## Task
From the entries below, copy exactly the lines from the one that contains "promocija Gloria Glam" through the one that contains "Magical☆CUTE『Pure Heart Chiika(ピュアハート", both included, and only those.

## Data under study
• • •

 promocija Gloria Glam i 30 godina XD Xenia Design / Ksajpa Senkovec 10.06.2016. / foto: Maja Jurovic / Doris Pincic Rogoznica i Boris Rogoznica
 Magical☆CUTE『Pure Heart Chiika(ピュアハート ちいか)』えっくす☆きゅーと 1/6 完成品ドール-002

• • •

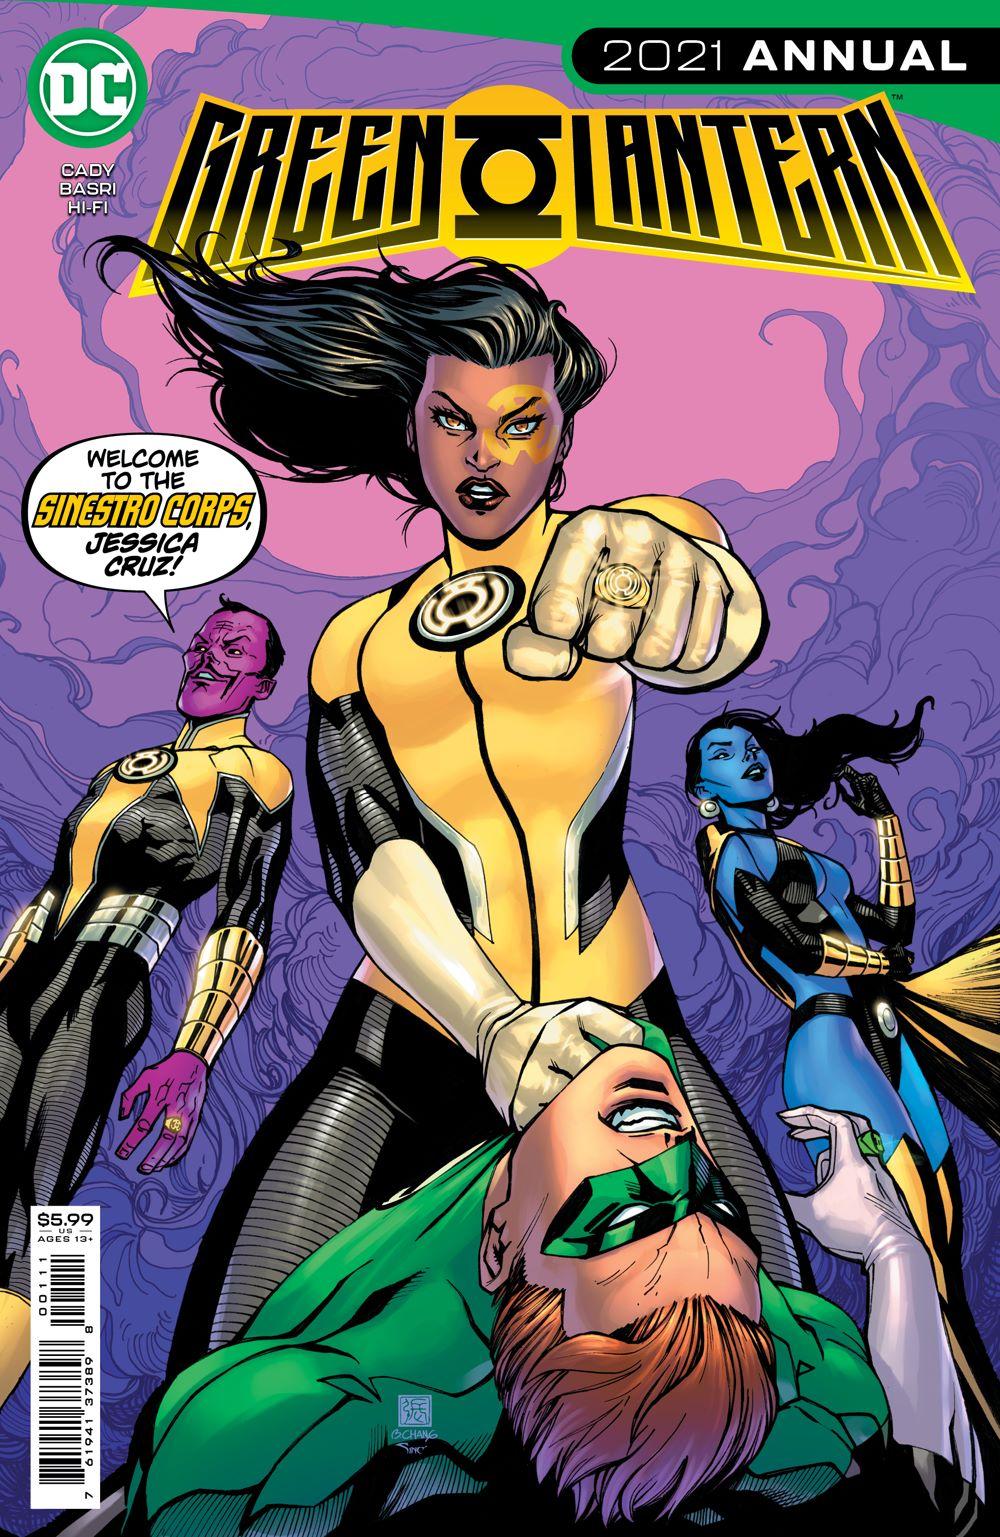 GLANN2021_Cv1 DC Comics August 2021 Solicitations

• • •

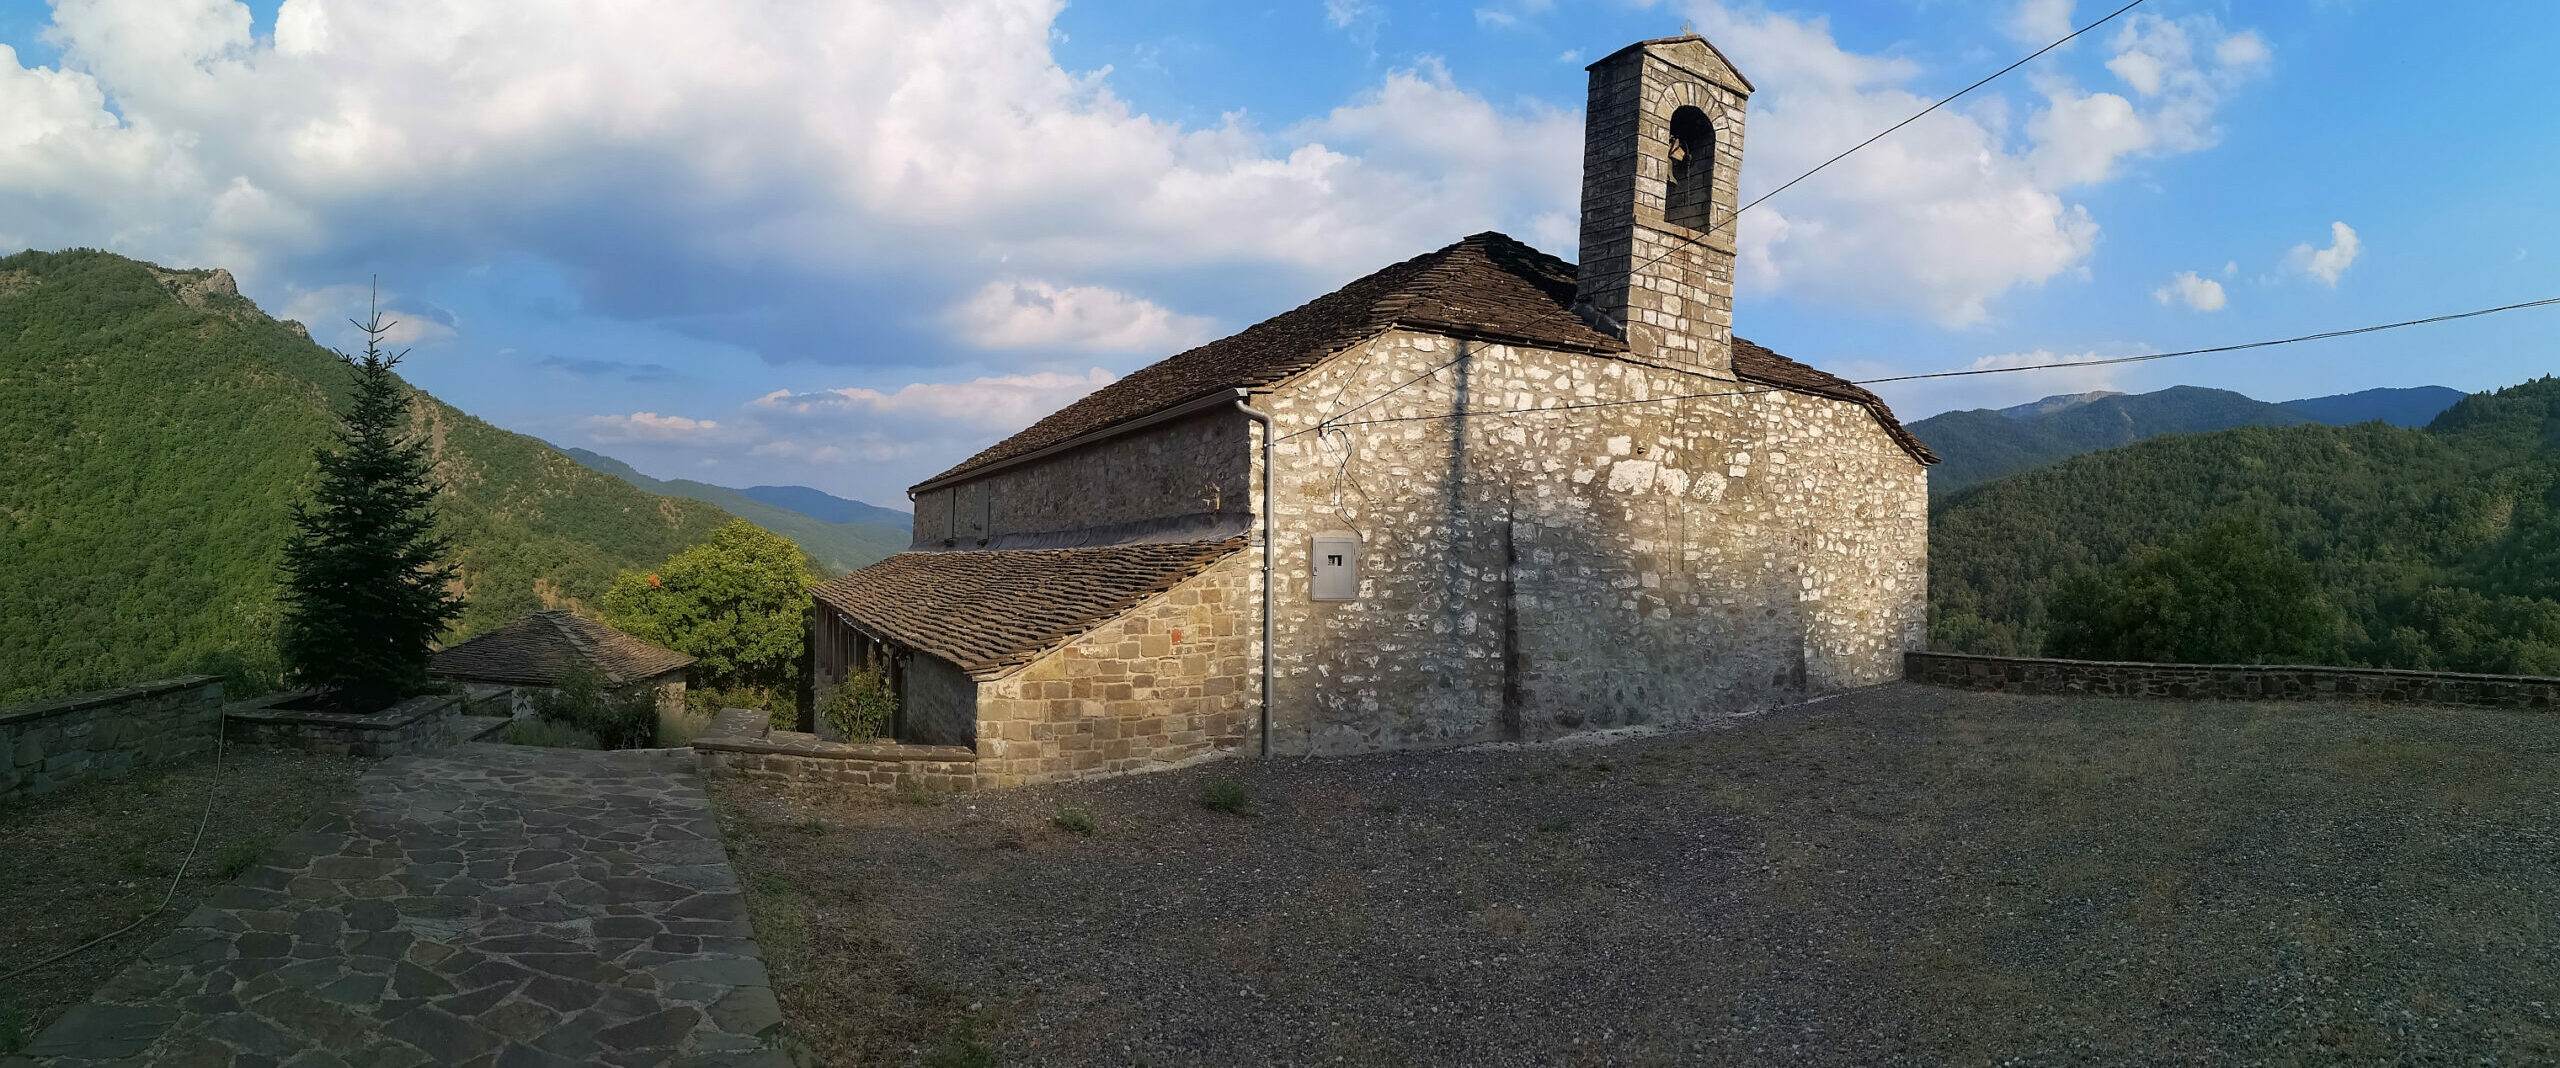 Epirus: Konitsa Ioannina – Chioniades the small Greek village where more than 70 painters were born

• • •

## Task solution
 promocija Gloria Glam i 30 godina XD Xenia Design / Ksajpa Senkovec 10.06.2016. / foto: Maja Jurovic / Doris Pincic Rogoznica i Boris Rogoznica
 Magical☆CUTE『Pure Heart Chiika(ピュアハート ちいか)』えっくす☆きゅーと 1/6 完成品ドール-002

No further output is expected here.